(EXERCISE BRIEF)
In the listing that follows, the range to quote begins at the line that has "In her new book, writer" and ends after the line that has "Robert Frost: I"; quote it verbatim and add nothing.

(SUPPLIED MATERIAL)
※

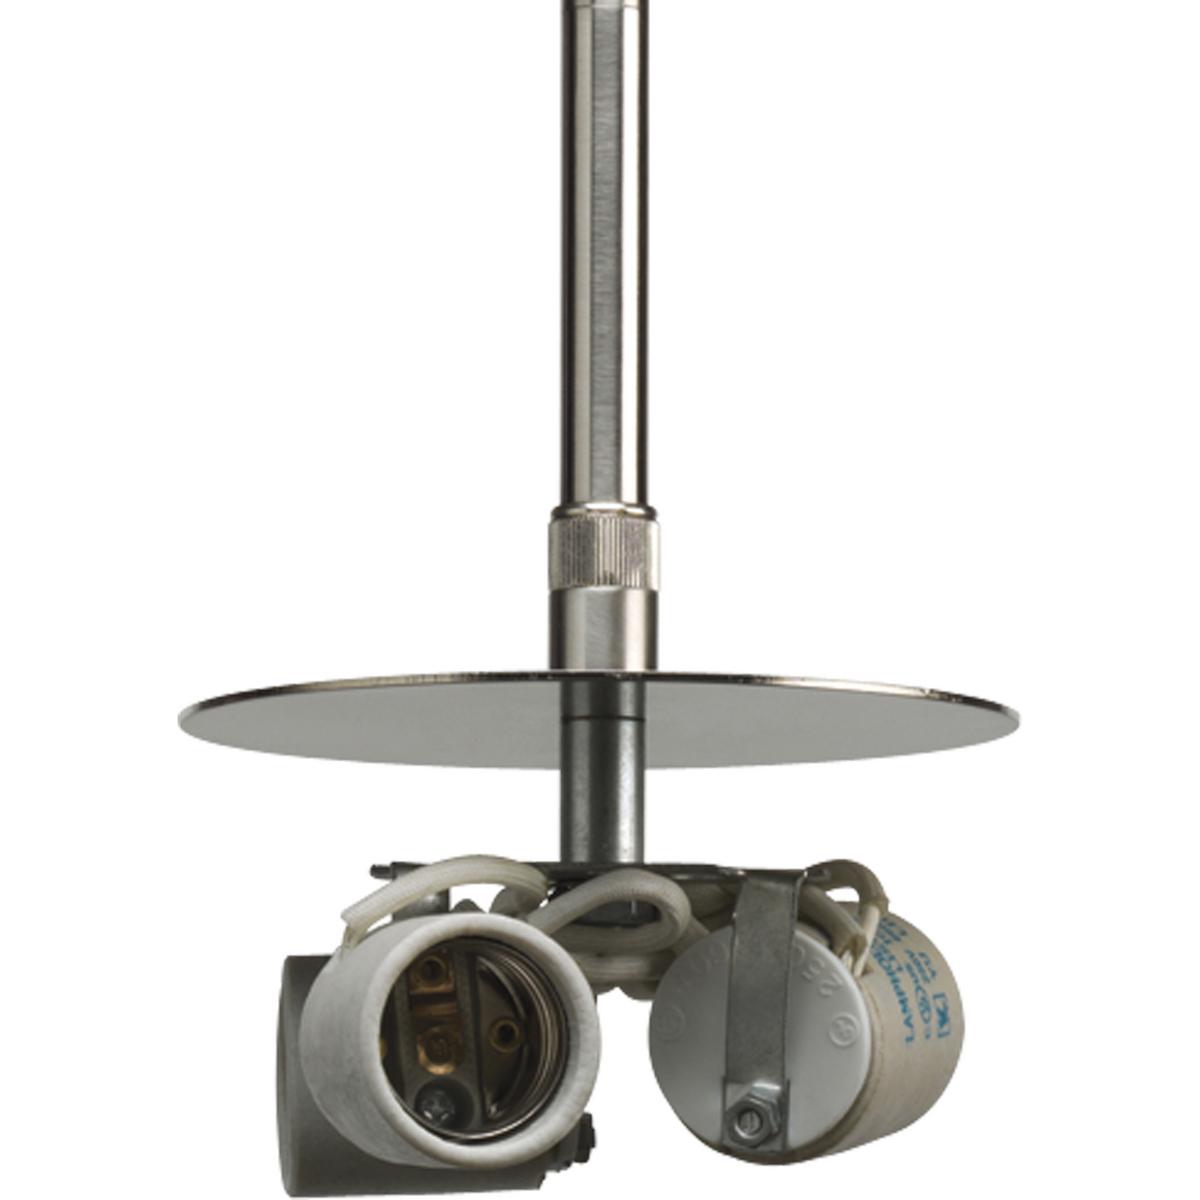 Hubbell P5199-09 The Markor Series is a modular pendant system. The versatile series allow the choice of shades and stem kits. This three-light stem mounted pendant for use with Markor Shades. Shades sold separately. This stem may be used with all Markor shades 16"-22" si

※

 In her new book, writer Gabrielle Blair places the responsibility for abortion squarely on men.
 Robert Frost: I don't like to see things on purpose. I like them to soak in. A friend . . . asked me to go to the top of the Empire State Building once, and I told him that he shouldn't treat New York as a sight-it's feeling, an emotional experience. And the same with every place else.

※

(YOUR RESPONSE)
 In her new book, writer Gabrielle Blair places the responsibility for abortion squarely on men.
 Robert Frost: I don't like to see things on purpose. I like them to soak in. A friend . . . asked me to go to the top of the Empire State Building once, and I told him that he shouldn't treat New York as a sight-it's feeling, an emotional experience. And the same with every place else.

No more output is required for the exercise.